Mektup epey uzun hepsini yazmayayım.. ama elif şafak düşünüyor devamında.. 'neden onca mükemmel!?! Anne adayı dururken içlerinden beni seçti' diye..



Kitabı kapatıyorum..
otobüsteyim..
2 gün önce erdekte kızımın 8.yaşgününü bol kahkahalı bol hediyeli ve çok eğlenceli bir partiyle kutlamış, onu anneanne ve dedeyle tüm yazını geçirdiği denizde bırakmış bursaya evime dönerken..
kulağımda rammstein çalıyor.. mutter diye bağırıyor sevdiğim ses..



İnanmasam da bu olaya ben de düşünüyorum Öykünün beni neden seçmiş olabileceğini..
8 yıl önceki halimi görüyorum otobüsün penceresinde..
24 yaşındaydım ben anneliğe adım attığımda..
şimdiki halimden nasıl da farklı..
öykü planlanan bir çocuktu.
bütün hayatım gibi..
Yıllar öncesinden planlanmıştı hatta..
20 yaşında evlenip üniversiteye başladığımızda kimsenin bizi desteklememesine ve okuyamazsınız demesine inat biz o çocuk yaşımızla o çocuk halimizle önümüze kuvvetli ve büyük hedefler koymuştuk:
-Ne olursa olsun 4 yılda okullar bitecek
-Çocuğumuz olacak
-Askerlik
-İş
-Ev araba vs..
Öyle de oldu..

okulun 4.yılını hamile geçirerek okulun bitiminden bikaç hafta sonra kucağımda bebeğim vardı.
Bu geçen 4 yıl içerisinde gözüm de, aklım da sadece kilitlenilen hedeflerdeydi..
ve ben uzun bir uykuya yatmıştım..
uyuyor olduğumu yıllar sonra uyandığımda anlayacaktım üstelik..
ve beni uyandıran kişi kızım olacaktı..



Öykü gökyüzünden kendine anne olarak beni seçerken şunları düşünmüş olmalı öyleyse:
Bu kadın çok yalnız..

etrafı kalabalık oysa ama o yalnız..

üstelik uyuyor..

ve üstelik uyuduğunun bile farkında değil..

kocasının istediği gibi bir kadın rolüne girmiş.

Paraları olmadığı için okula gidemiyor sadece sınavlara gidiyor.

Evde kocasının da derslerini çalışıp (başka bölüm olmasına rağmen) ona özetler çıkarıp işini kolaylaştırıyor.

Temizlik yapıyor.

Yemek yapıyor.

Ders çalışıyor.

Hiçbir şey istemiyor !!!

hiçbir şey istemeden ve kendine bir çift bile ayakkabı almadan yıllarını geçiriyor.

En güzel yaşlarını bir kafeye gidip bir kahve bile içemeden geçiriyor..

kocası böyle mutlu çünkü kocası onu bu haliyle seviyor..Ve o kocasını çok seviyor.
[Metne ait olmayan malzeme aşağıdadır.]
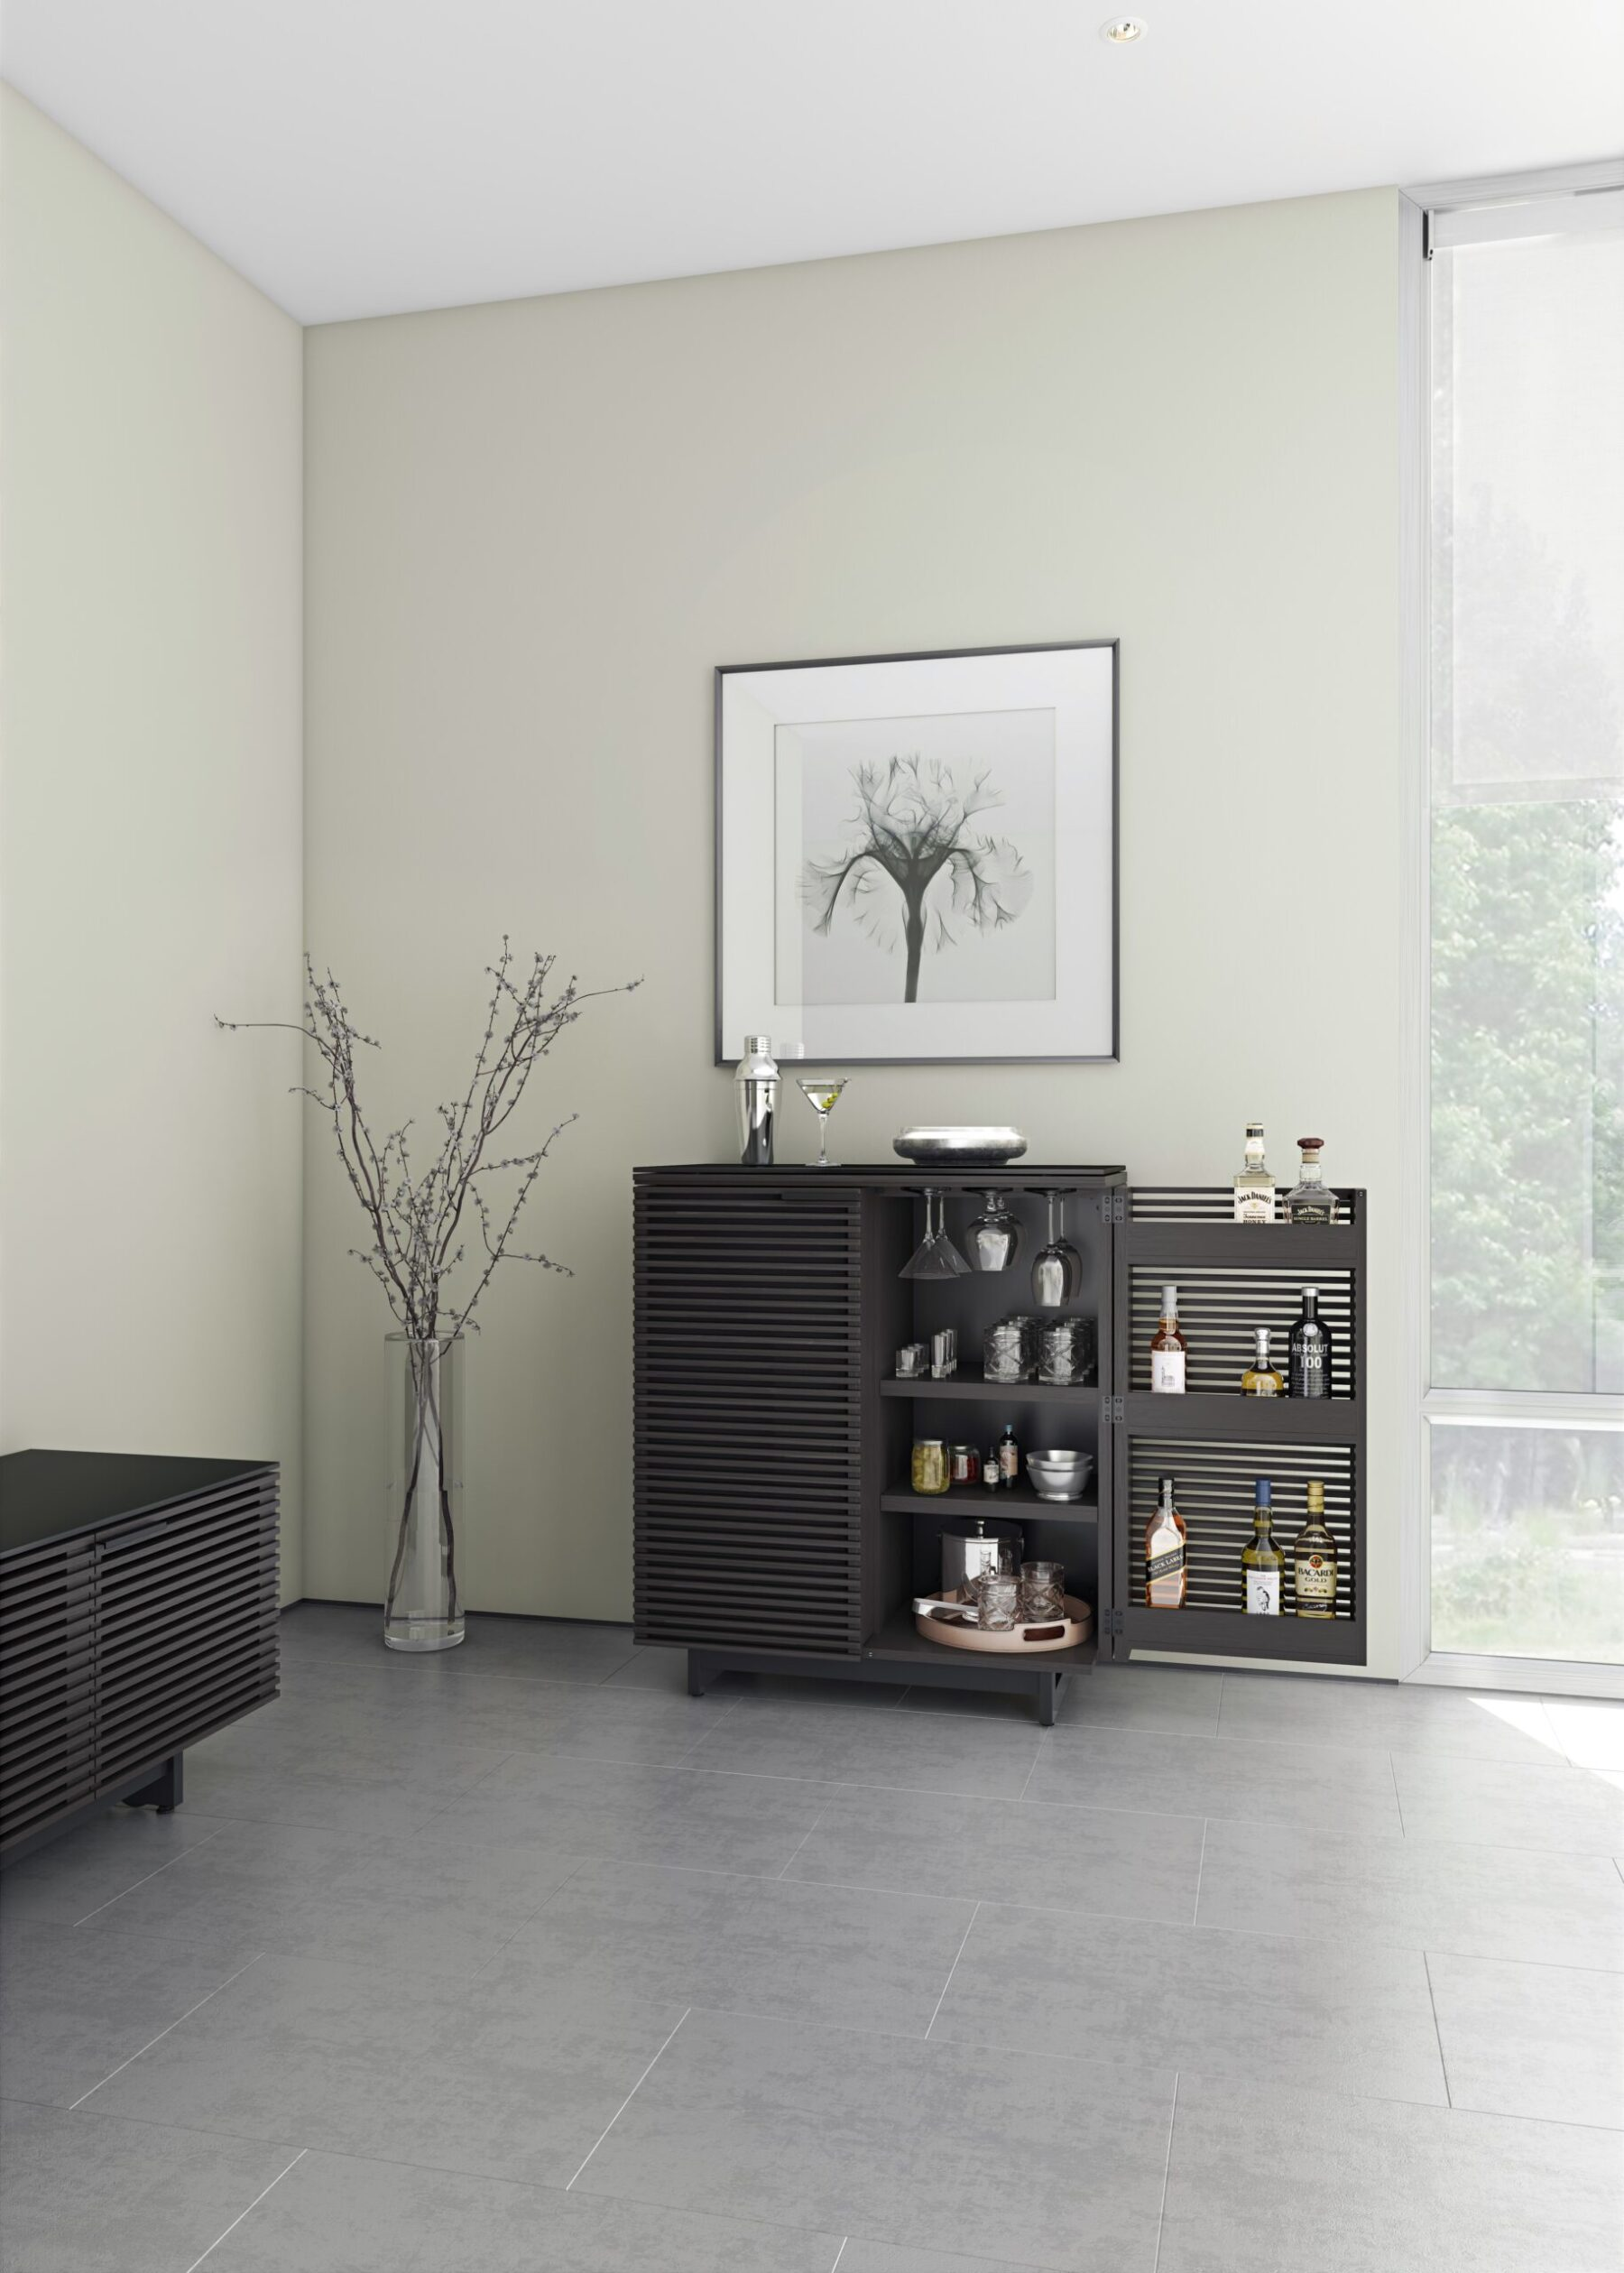 corridor-bar-5620-home-bar-charcoal-BDI-5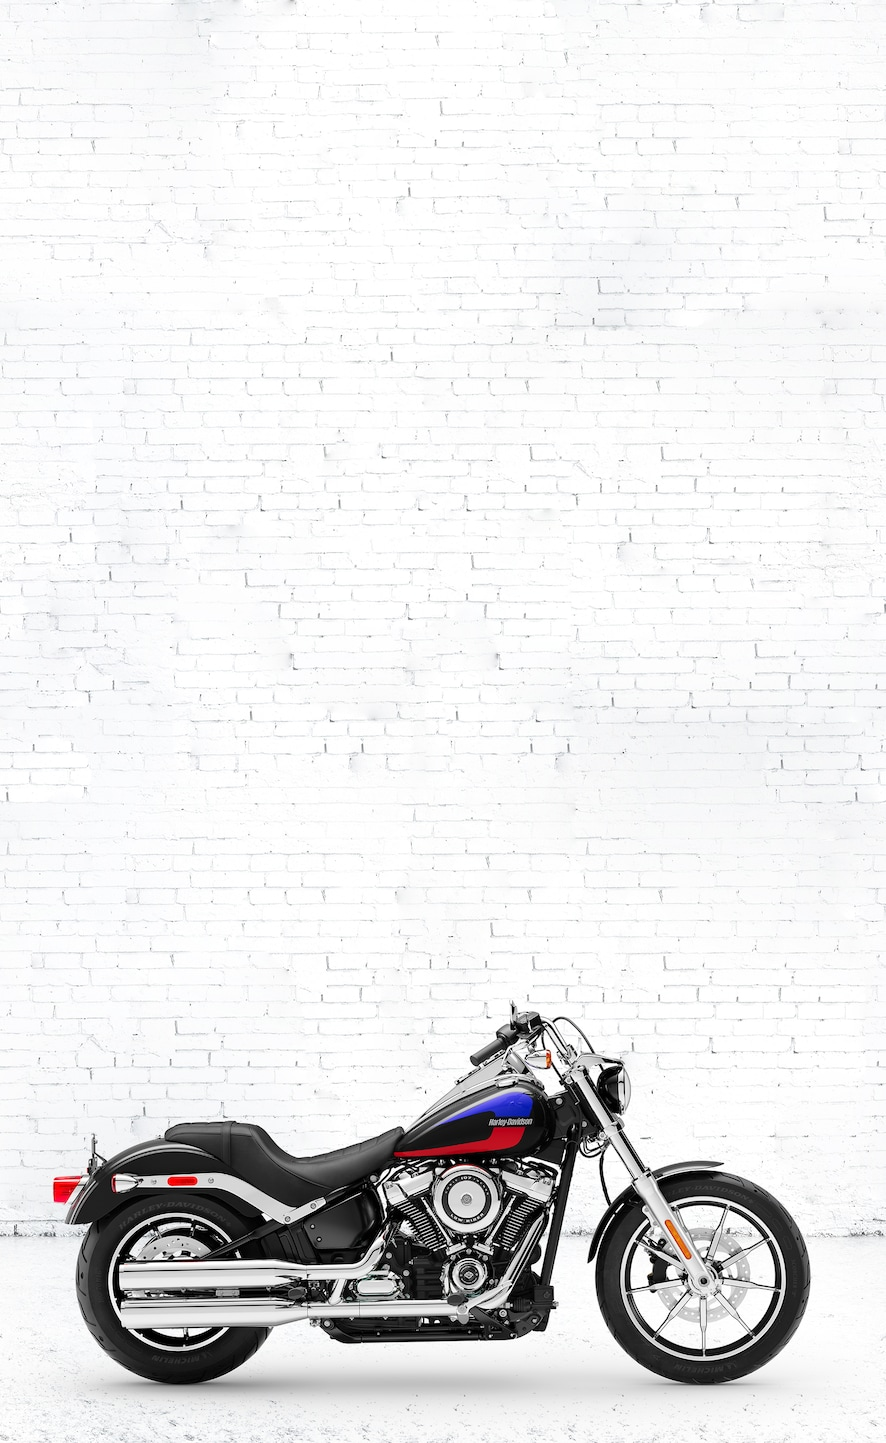 2019 Fxdr Motorcycle Harley Davidson Usa Frame Diagram Low Rider

Onun istediği gibi bir kadın olmak sanki amacı sadece.

Oysa o öyle biri değil.

Önüne koyduğu hedeflere öyle kilitlenmiş ki bu yüzden hayatındaki eksikliklerin hiç birini fark etmiyor.

Hedeflerine ulaşınca ve ulaşılacak hedefleri kalmadığında anlayacak her şeyi..

geride hiç bir şeyinin olmadığını..

oysa bu kadın ne kadar kıpır kıpır canlı bir kızmış eskiden..

şimdi sessizce geçiriyor günlerini..

sevdiği tüm şeylerden usulca vazgeçmiş üstelik..

aman allahım bu kadın tam 4 yıldır müzik dinlemiyor..

olabilir mi böyle bişey.

Zamanının sağlam rock dinleyicisiymiş üstelik.

Ama tam 4 yıldır hiç müzik dinlemiyor.

Ders kitabı dışında kitap okumaz olmuş..

sevdiği çakıl taşı koleksiyonunu bırakmış..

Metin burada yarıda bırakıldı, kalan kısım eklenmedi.